Likewise, Adel has said she would hold police officers accountable when there is evidence that they have committed a crime, but in January she did not bring charges against the police officer who killed Antonio Arce, a 14-year-old who was shot in the back last year while holding a toy gun. More recently, she declined to file charges against the Arizona state trooper who shot and killed Dion Johnson over Memorial Day weekend. She also stated that she used Google to research past misconduct committed by the officer, George Cervantes, instead of reviewing his disciplinary records, and did not take Cervantes’s past misconduct into account when making her decision, despite the fact that Cervantes previously used a stun gun on his puppy and threatened to kill his ex-wife’s fiancé. 
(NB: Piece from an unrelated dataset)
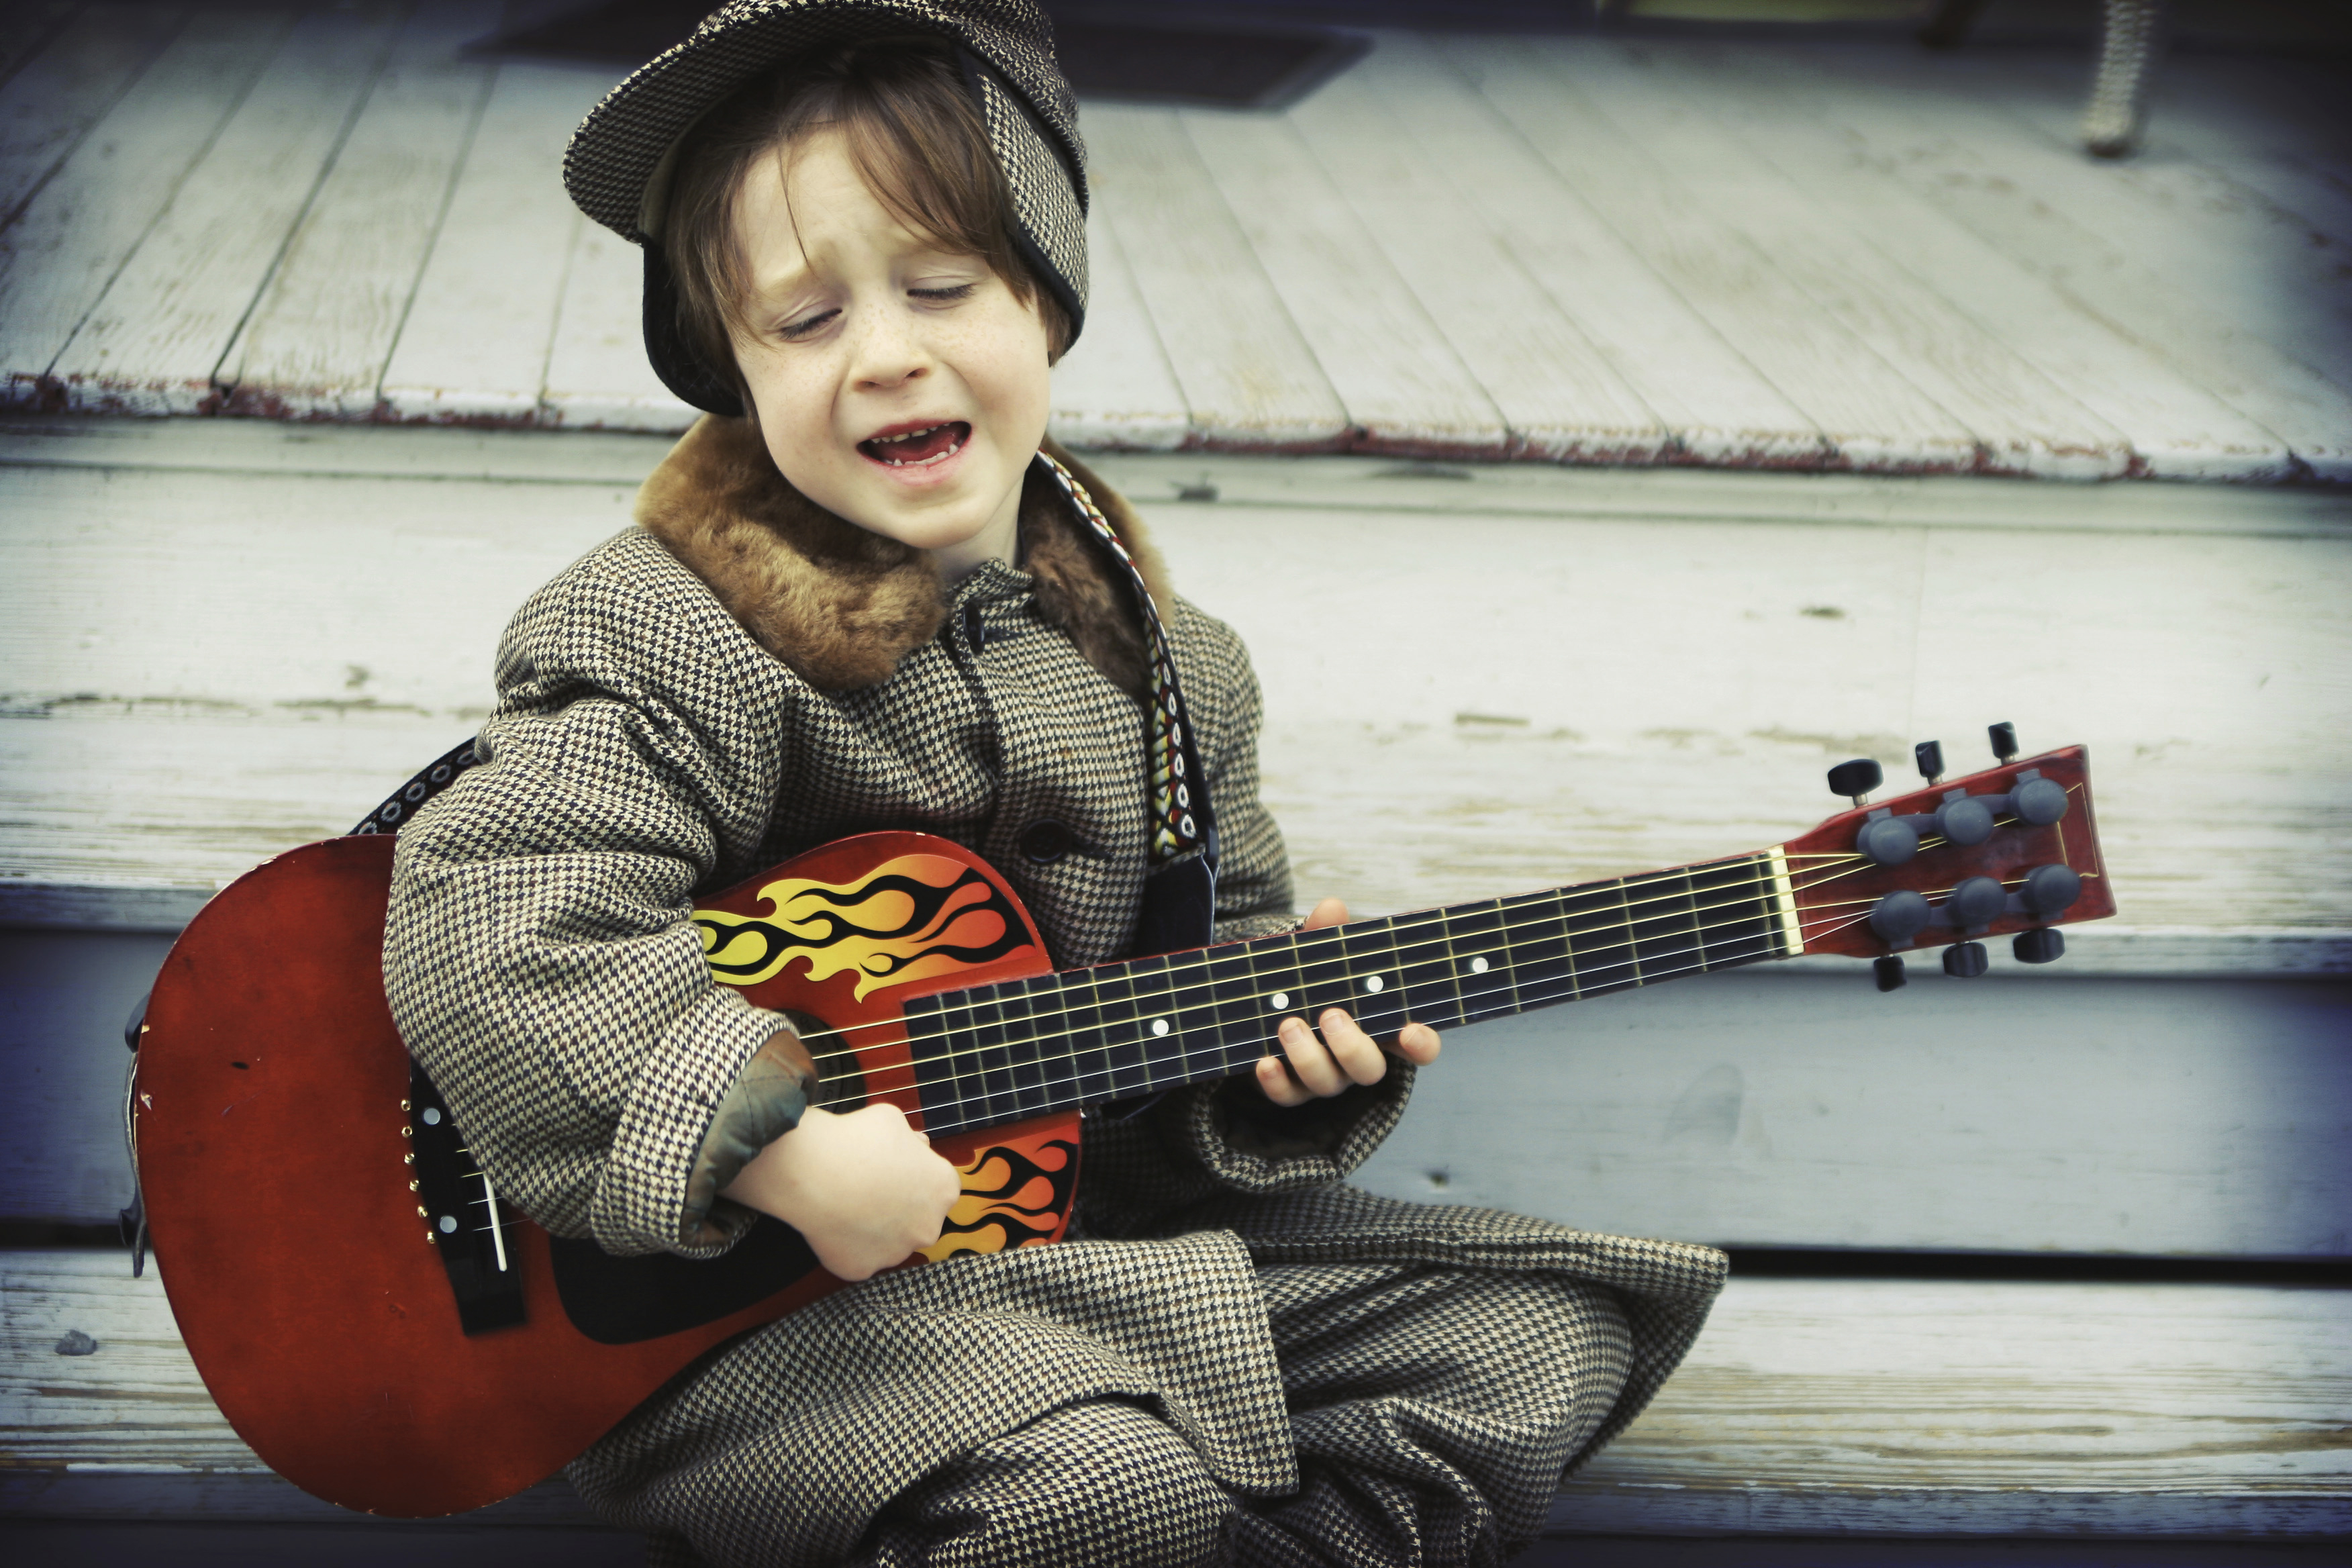 Пою тише гитары. Гитара для детей. Дети гитаристы. Электрогитара для детей. Мальчик с гитарой.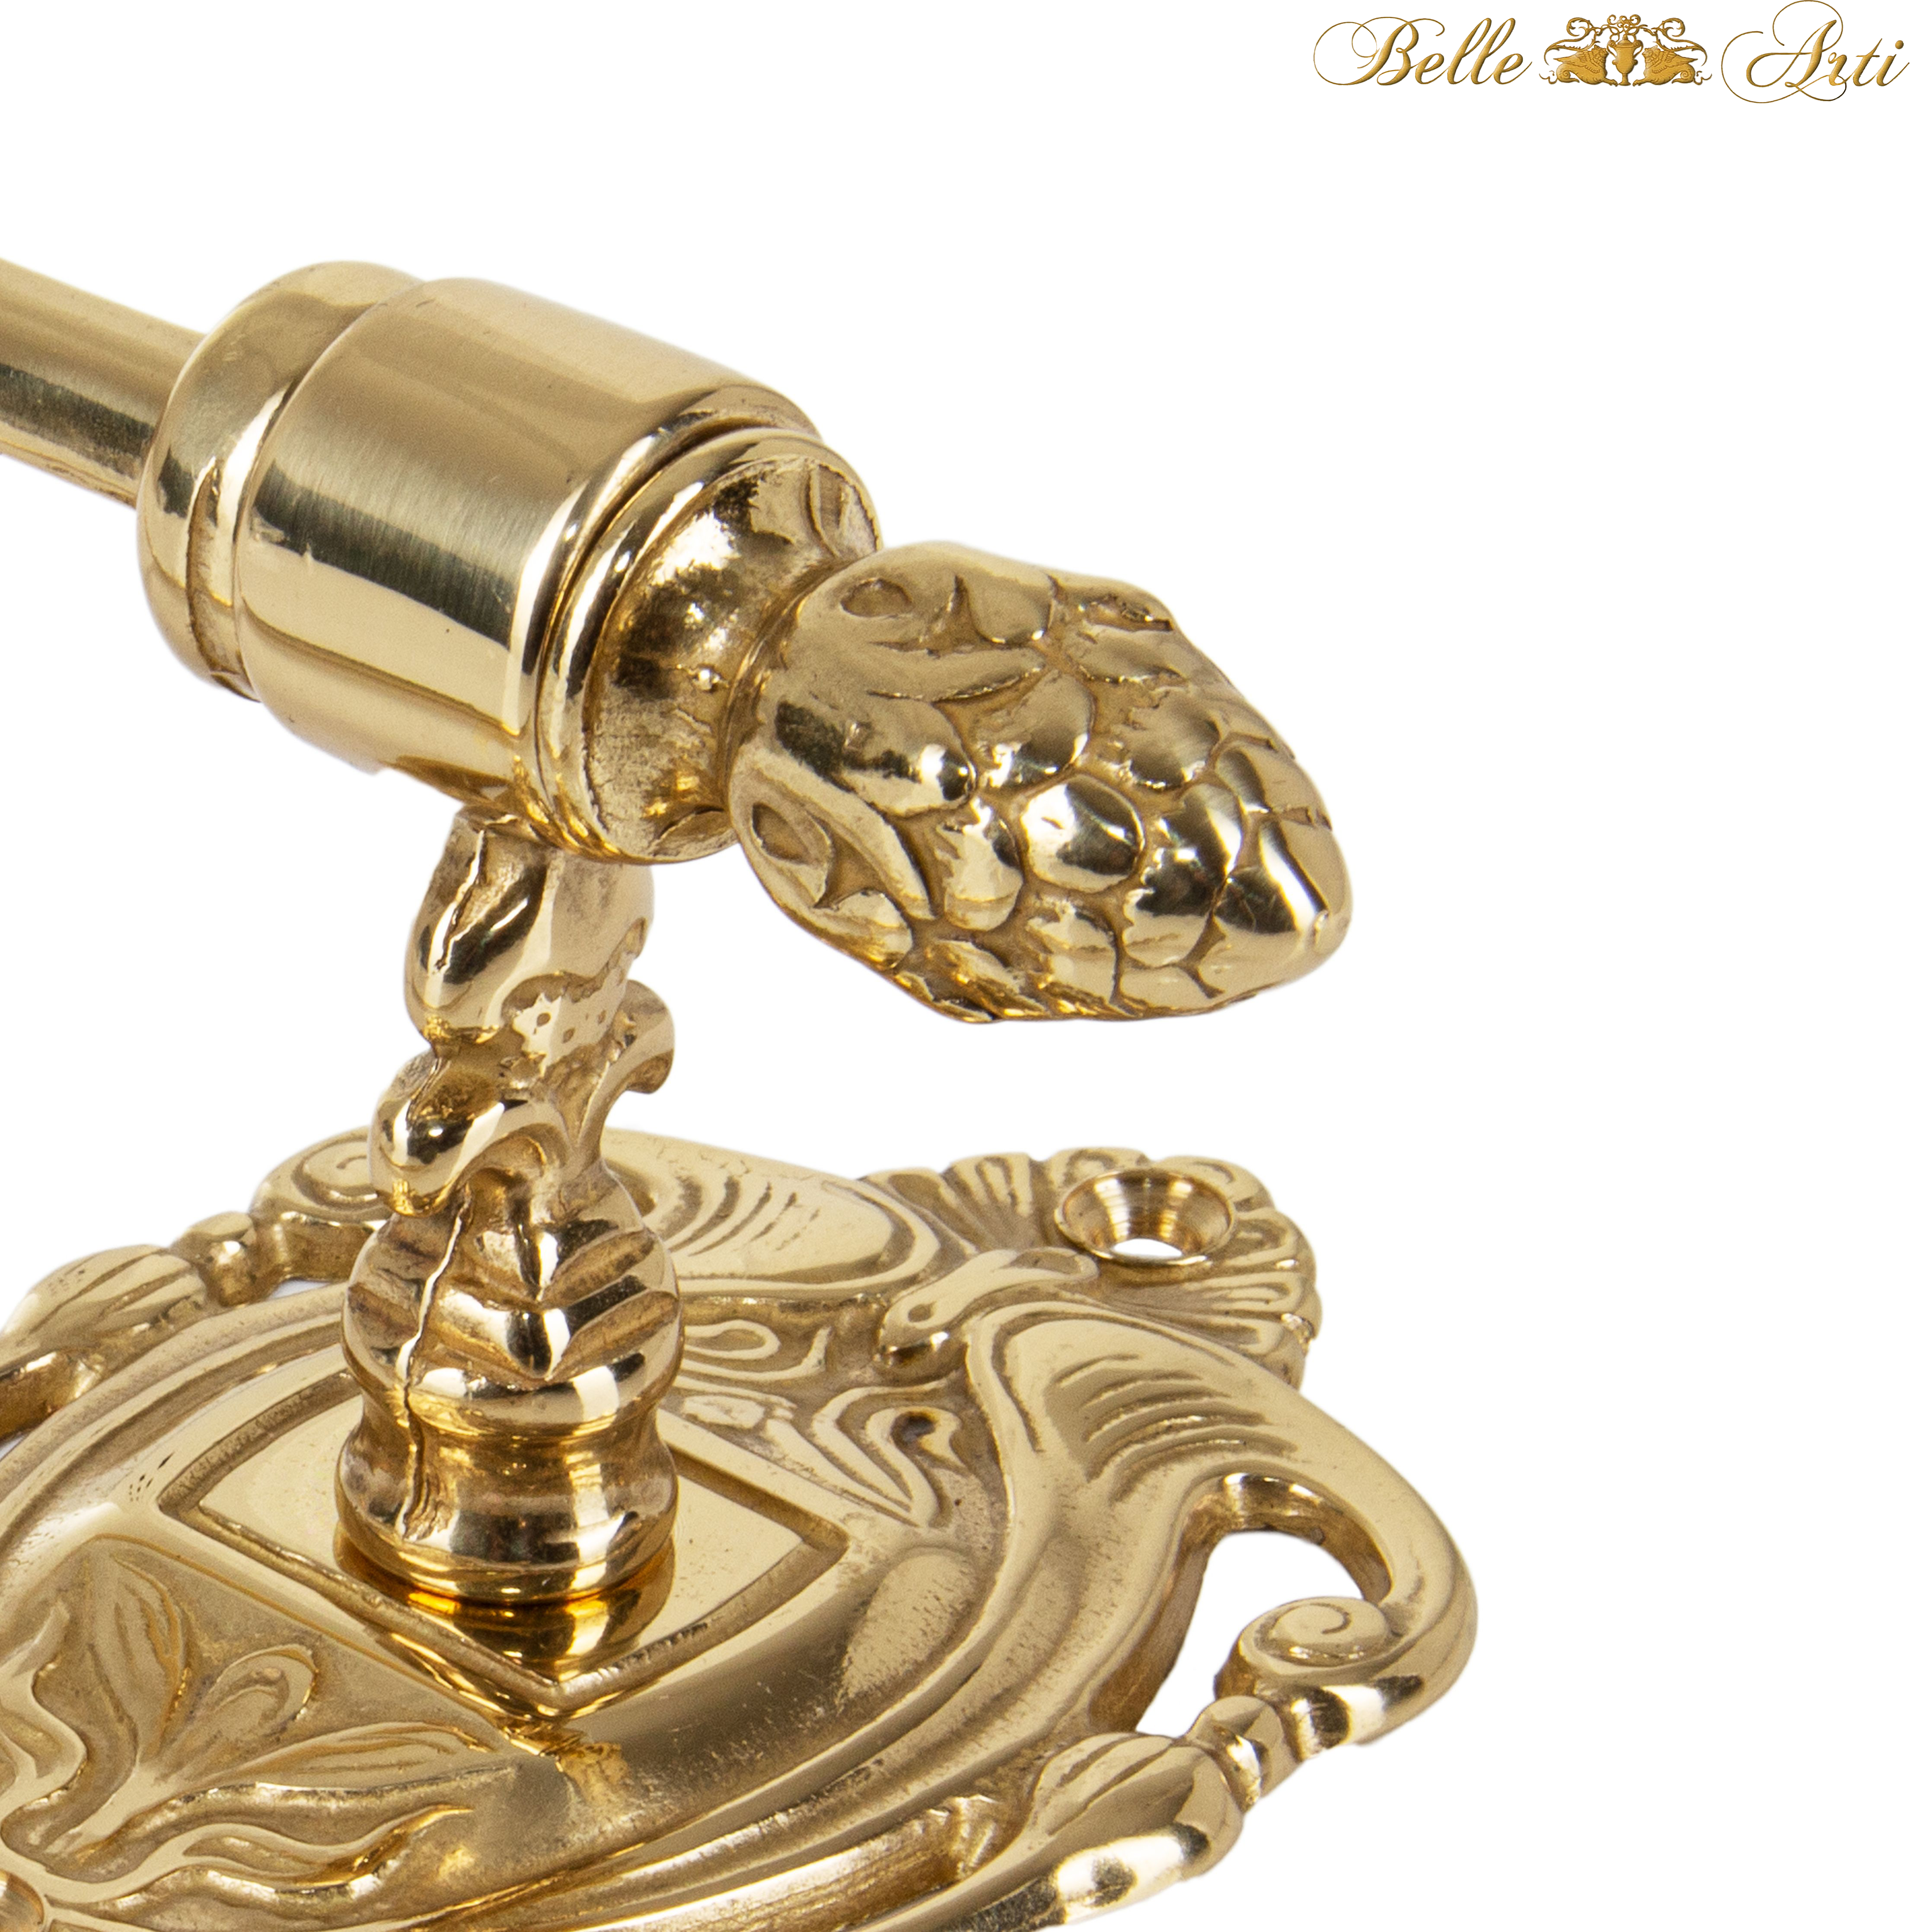 Luxus Toilettenpapierhalter in Vintage Look aus Messing - gold poliert

Adel also said she will not reopen the case of Muhammad Muhaymin, who was killed by police in 2017, unless Phoenix police resubmit it. Four Phoenix officers held Muhaymin down and knelt on him after he tried to enter a restroom at a community center with his service dog. No officers were disciplined or criminally charged. The case drew national attention after George Floyd’s killing by Minneapolis police.

On her website, Adel also calls herself a reformer for supporting the mandated use of body-worn cameras for police officers in Arizona. But Muhaymin was killed on camera, while being mocked by Phoenix police officers. 

“People here have been abused or killed on camera,” Williams, the public defender and BLM organizer, told The Appeal. “You can’t create accountability by saying you support body cams. … It’s about not having the moral or ethical will to hold officers accountable.”